* _EXERCISE AIM_:
Repeat, exactly as written, the lines from the one with "Kelowna Classic Lake Water Polo Tournament" to the final line of the listing, and keep every picture out.

* _GIVEN MATERIAL_:

══════

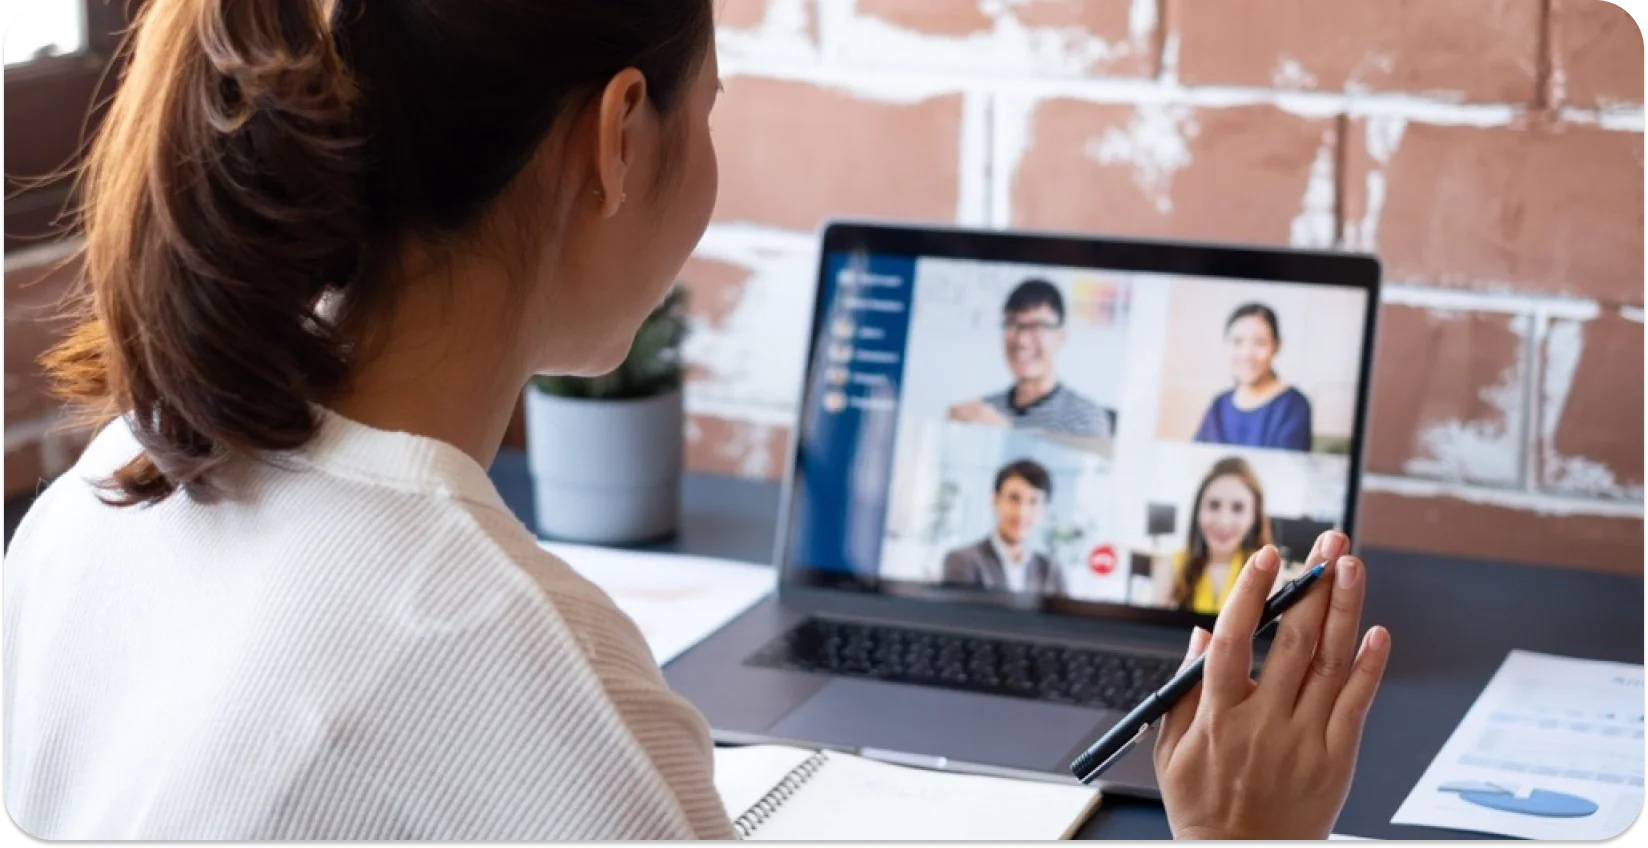 المشاركة المهنية في اجتماع افتراضي مع الزملاء على شاشة الكمبيوتر المحمول.
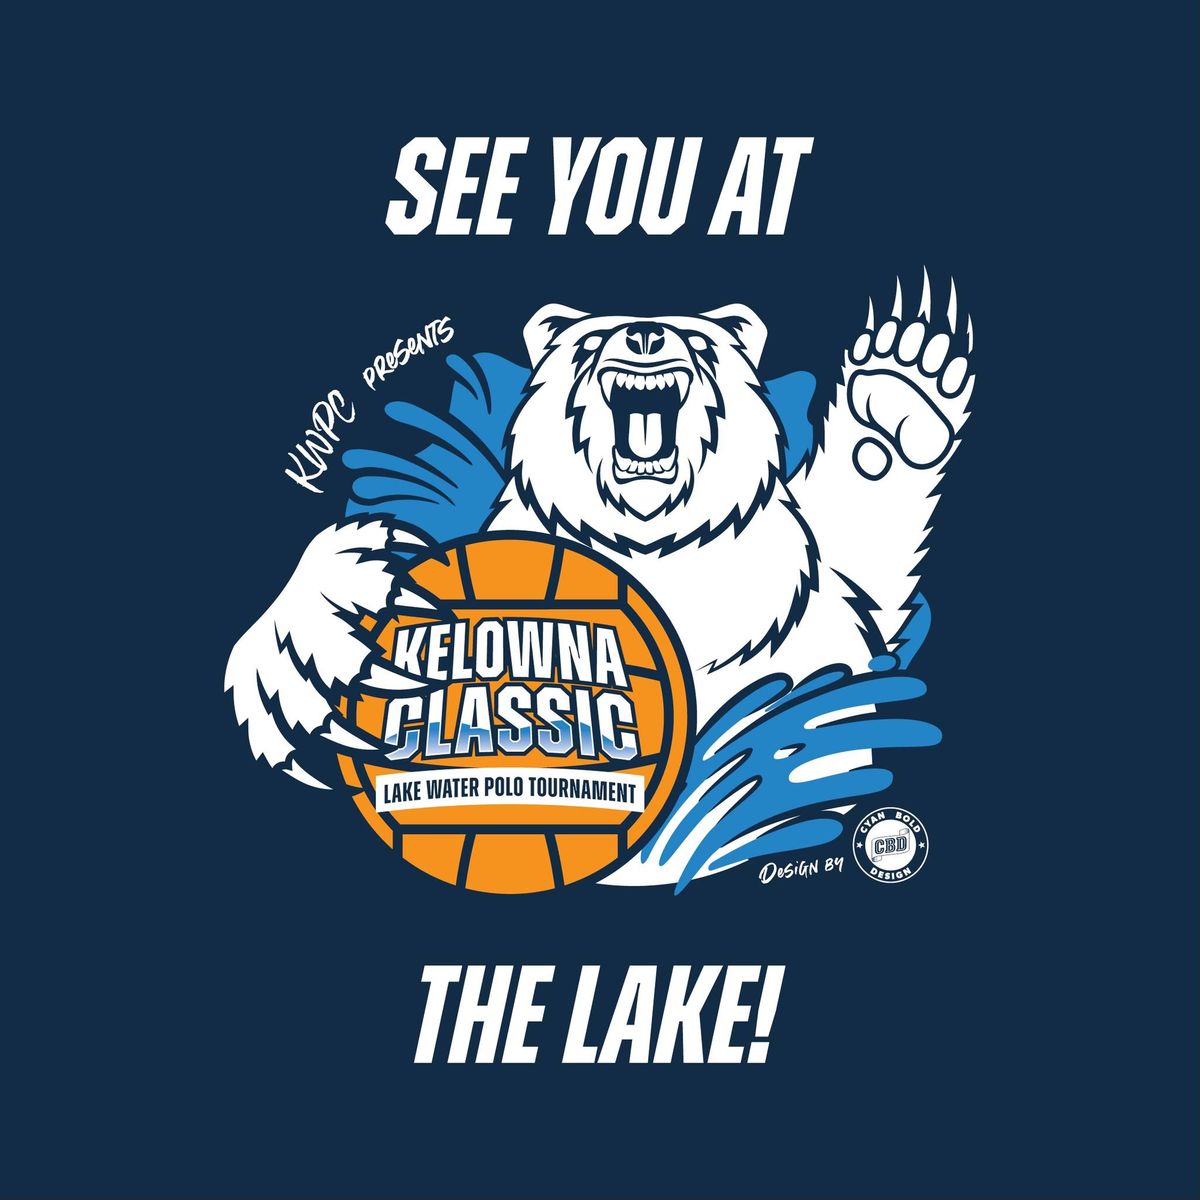 Kelowna Classic Lake Water Polo Tournament
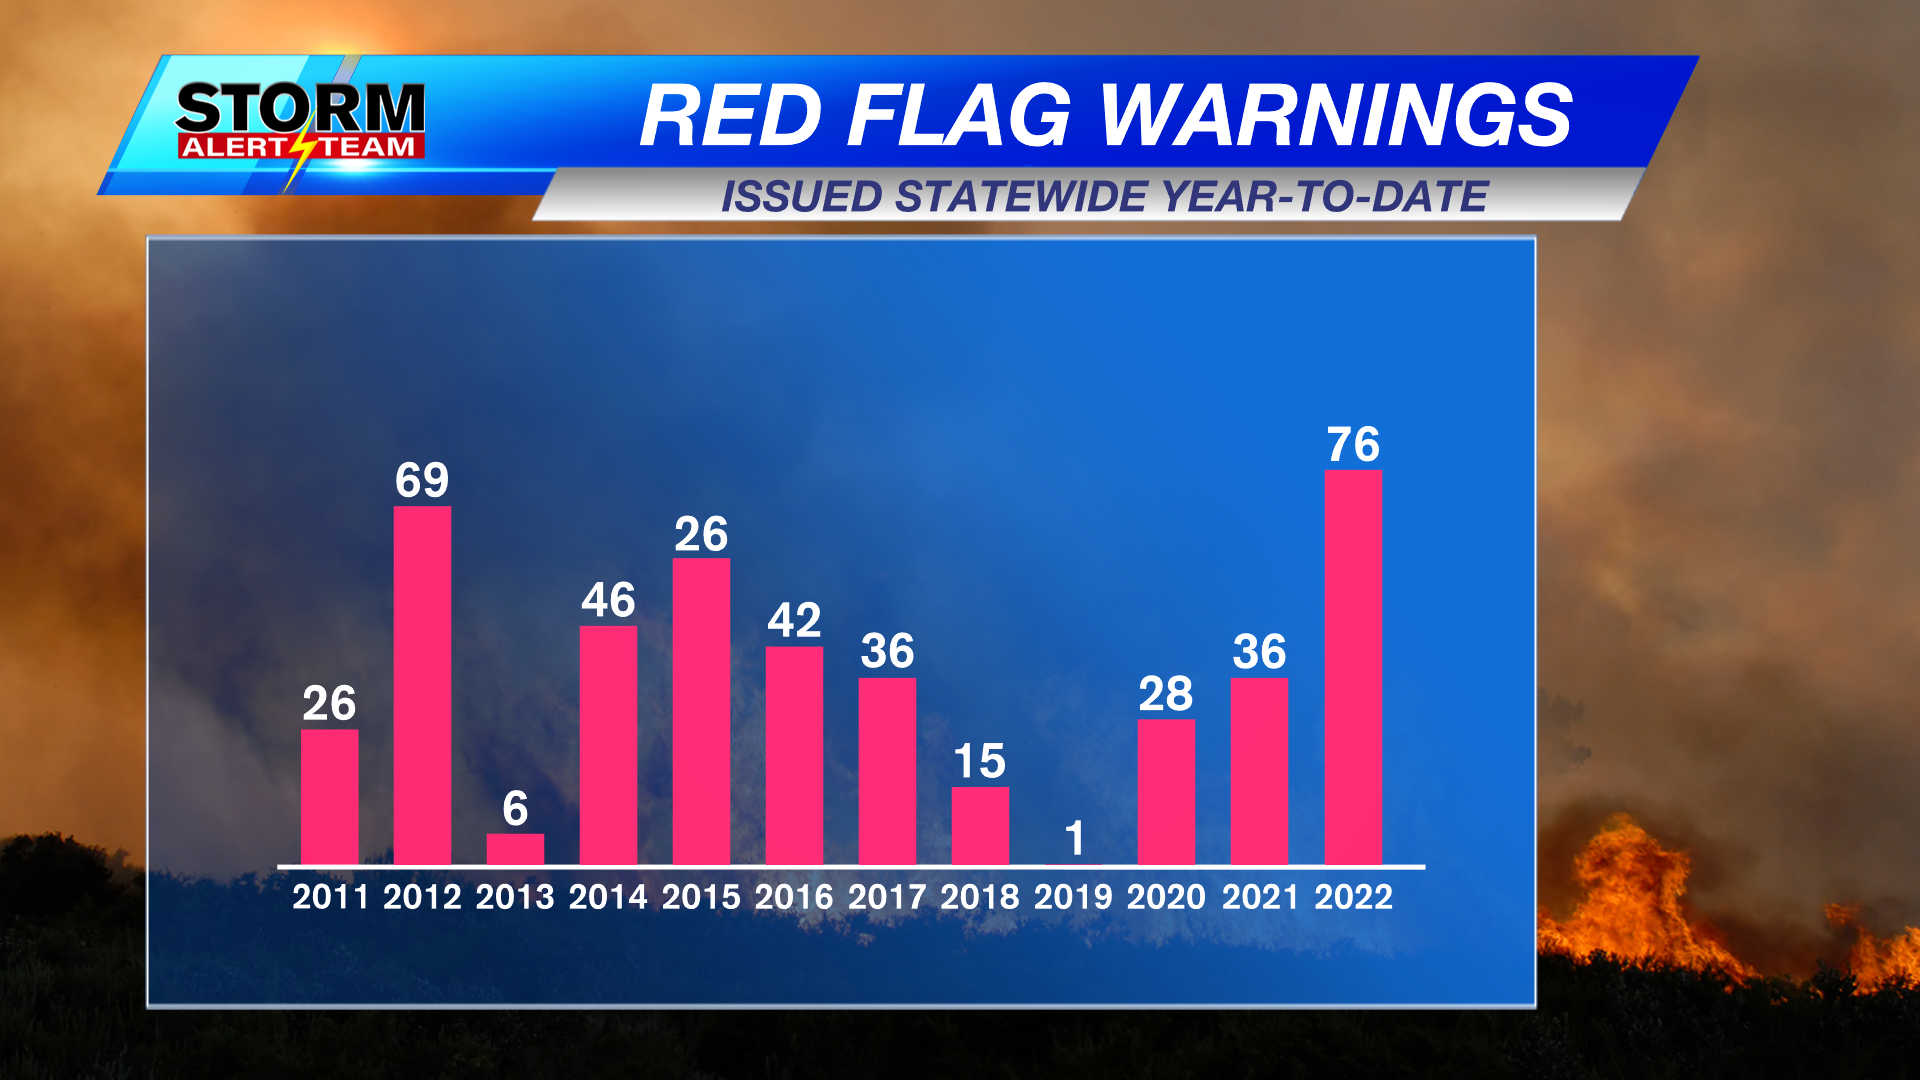 Highest number of Red Flag Warnings Nebraska in

══════

* _RESULT OF THIS EXERCISE_:
 Kelowna Classic Lake Water Polo Tournament
 Highest number of Red Flag Warnings Nebraska in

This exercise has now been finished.